Auch Straftaten nichtverkehrsrechtlicher Art können in diesem Zusammenhang bedeutsam sein, wenn diese für die Beantwortung der Frage, ob der Antragsteller sich des Vertrauens, er werde die Beförderung von Fahrgästen ordentlich ausführen, würdig zeigt oder nicht, Relevanz aufweisen (BVerwG v. 19.3.1986, NJW 1986, 2779; OVG Saarl. v. 22.6.2004, Az.: 1 W 23/04; VGH Baden-Württemberg a.a.O.; VG München vom 4.1.2007, Az.: M 6a E 06.4693).
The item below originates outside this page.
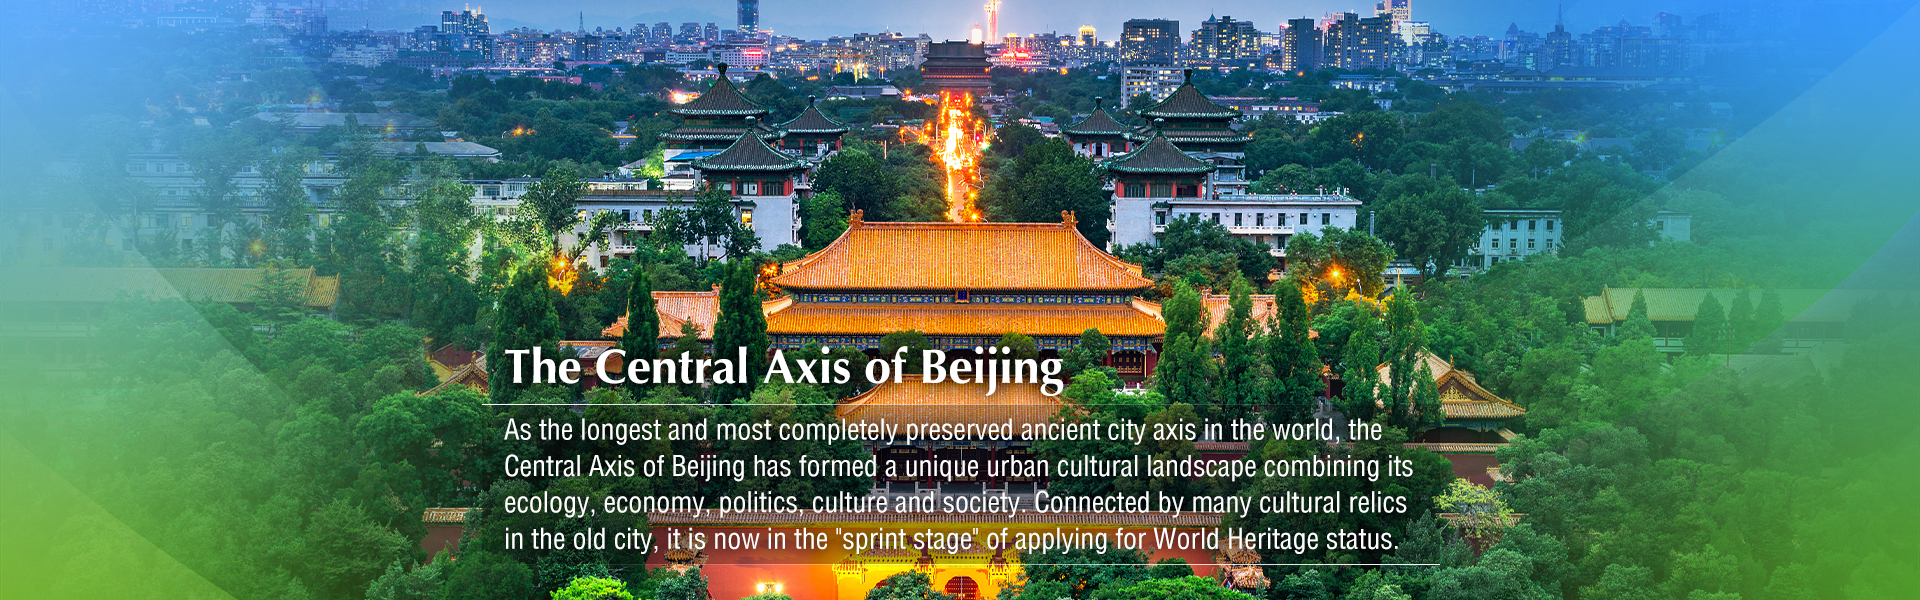 The Central Axis of Beijing

Zwar muss die Zuverlässigkeit jeweils im Bezug auf die Tätigkeit gesehen werden, für die die Erlaubnis bzw. Verlängerung begehrt wird.

Jedoch ist es nicht erforderlich, dass der Bewerber die ihm vorgehaltenen Zuwiderhandlungen in Ausübung dieser Tätigkeit begangen hat. Es reicht aus, wenn Art und Weise der Tatausführung sowie ggf. die Häufigkeit begangener Straftaten Charaktereigenschaften erkennen lassen, die sich im Falle der Personenbeförderung mit Kraftfahrzeugen zum Schaden der Fahrgäste auswirken können. Entscheidend ist, ob das vergangene Fehlverhalten Symptom für eine Gesinnung oder Lebenseinstellung ist, die - maßgeblich gegenüber potenziellen Fahrgästen - eine ordnungsgemäße Betätigung im Rahmen der Beförderung von Fahrgästen nicht erwarten lässt (VGH Baden-Württemberg a.a.O.; VG Aachen a.a.O.).